Cross validation and bootstrap

We will talk about three different ways to get around these issues:

  1. Leave-One-Out Cross-Validation
  2. $k$-fold Cross-Validation
  3. Bootstrap

This follows Chapter 5 in the textbook (pp 175-200)

Leave-one-out

The largest set of training data we can use while still validating is $N-1$: leave one single data point out, train on the remaining data and evaluate on that one point.
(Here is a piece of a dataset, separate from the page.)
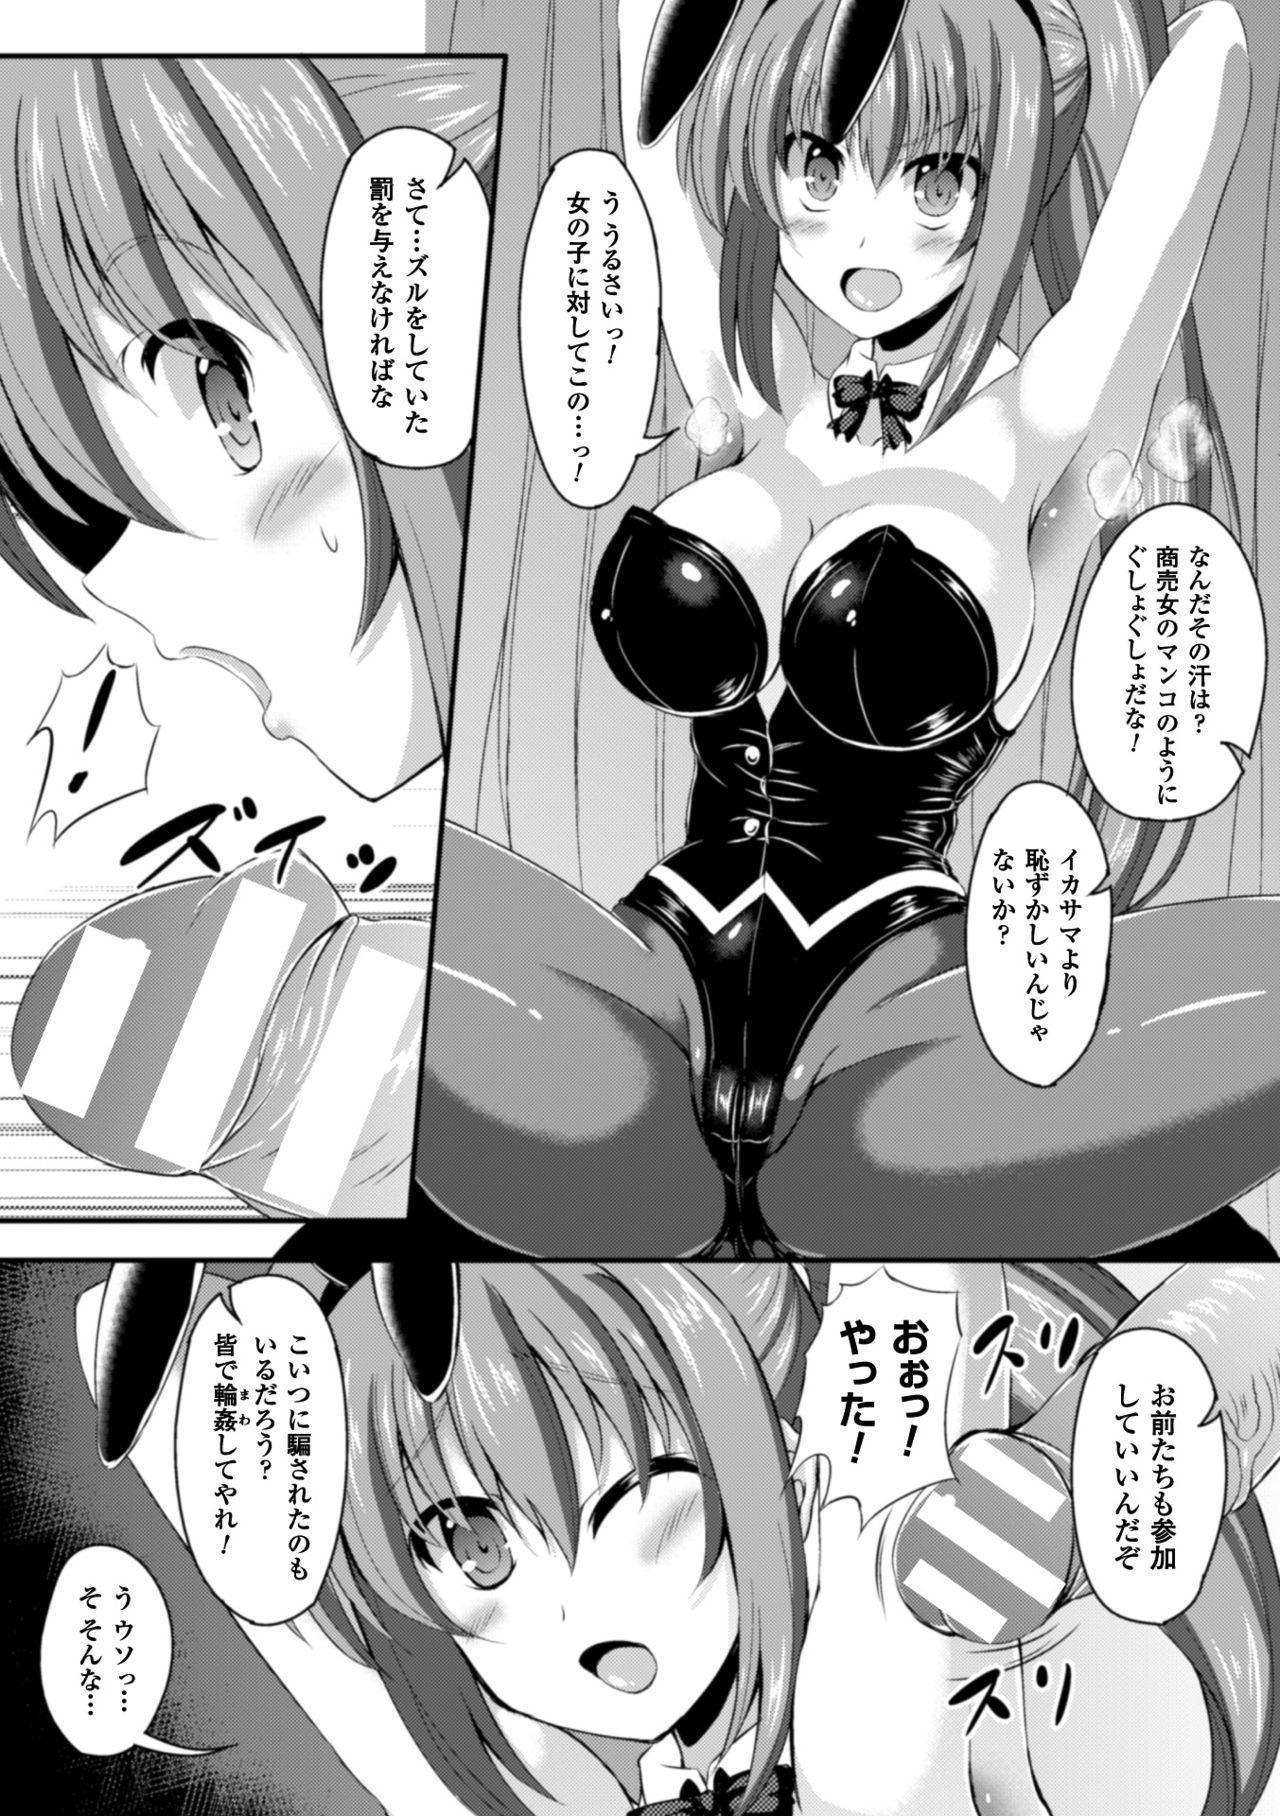 2D Comic Magazine Waki Feti Bunny Girl Vol. 1 72

For each single point, our estimate will be poor - but if we were to do this for each point in the data separately, we get a better estimate of our validation error.

Leave-one-out

  1. For $i=1..N$
  2. Split data into $T = \{(x_1,y_1),\dots,(x_{i-1},y_{i-1}),\dots,(x_N,y_N)\}$ and $V = \{(x_i,y_i)\}$
  3. Train preprocessor and model on $T$.
  4. Preprocess, predict and score on $V$, producing a score $s_i$.
  5. Loop
  6. Return $\hat{s}=\frac{\sum s_i}{N}$.

Leave-one-out

Benefits

  1. Lower bias than using a validation set
  2. Training set is almost identical between tries -- stable models
  3. Deterministic

Drawbacks

  1. Computationally expensive; model fit runs $N$ times
In [4]:
loo = model_selection.LeaveOneOut()
scores = []
for ix_train, ix_val in loo.split(titanic):
  X = cleanup.fit_transform(titanic.loc[ix_train,:])
  y = titanic.loc[ix_train, "Survived"]
  X_val = cleanup.transform(titanic.loc[ix_val,:])
  y_val = titanic.loc[ix_val, "Survived"]
  model.fit(X, y)
  scores.append(model.score(X_val, y_val))
In [5]:
mean(scores)
Out[5]:
0.7934904601571269

$k$-fold Cross Validation

Rather than to go through the entire pipeline separately for each data point, a much more economical approach is the $k$-fold Cross Validation:

  1. Split the data into $k$ folds $F_1,\dots,F_k$.
  2. For each fold $F_i$: a. Train preprocessor and model on $\bigcup_{j\neq i}F_j$ b. Preprocess, predict and score $F_i$ producing a score $s_i$
  3. Return $\hat{s} = \frac{\sum s_i}{k}$

Leave-one-out is an $N$-fold cross validation.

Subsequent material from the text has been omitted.